TASK OBJECTIVE: Transcribe exactly the line in which "El perro y su" occurs, plus every line that comes after it up to the end of the entries.

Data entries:
______________________________
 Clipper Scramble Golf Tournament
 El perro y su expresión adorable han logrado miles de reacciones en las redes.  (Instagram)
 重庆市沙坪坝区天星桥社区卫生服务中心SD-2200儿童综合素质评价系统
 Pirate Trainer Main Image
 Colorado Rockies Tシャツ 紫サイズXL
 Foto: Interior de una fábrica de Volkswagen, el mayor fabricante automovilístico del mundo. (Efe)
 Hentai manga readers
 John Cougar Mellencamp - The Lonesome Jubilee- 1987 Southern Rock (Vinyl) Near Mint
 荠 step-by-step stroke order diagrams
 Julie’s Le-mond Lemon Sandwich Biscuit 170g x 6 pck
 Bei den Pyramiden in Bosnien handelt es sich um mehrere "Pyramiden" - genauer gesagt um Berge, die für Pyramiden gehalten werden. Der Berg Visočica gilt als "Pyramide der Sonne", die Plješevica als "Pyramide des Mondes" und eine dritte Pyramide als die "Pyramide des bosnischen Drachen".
______________________________
TASK ANSWER:
 El perro y su expresión adorable han logrado miles de reacciones en las redes.  (Instagram)
 重庆市沙坪坝区天星桥社区卫生服务中心SD-2200儿童综合素质评价系统
 Pirate Trainer Main Image
 Colorado Rockies Tシャツ 紫サイズXL
 Foto: Interior de una fábrica de Volkswagen, el mayor fabricante automovilístico del mundo. (Efe)
 Hentai manga readers
 John Cougar Mellencamp - The Lonesome Jubilee- 1987 Southern Rock (Vinyl) Near Mint
 荠 step-by-step stroke order diagrams
 Julie’s Le-mond Lemon Sandwich Biscuit 170g x 6 pck
 Bei den Pyramiden in Bosnien handelt es sich um mehrere "Pyramiden" - genauer gesagt um Berge, die für Pyramiden gehalten werden. Der Berg Visočica gilt als "Pyramide der Sonne", die Plješevica als "Pyramide des Mondes" und eine dritte Pyramide als die "Pyramide des bosnischen Drachen".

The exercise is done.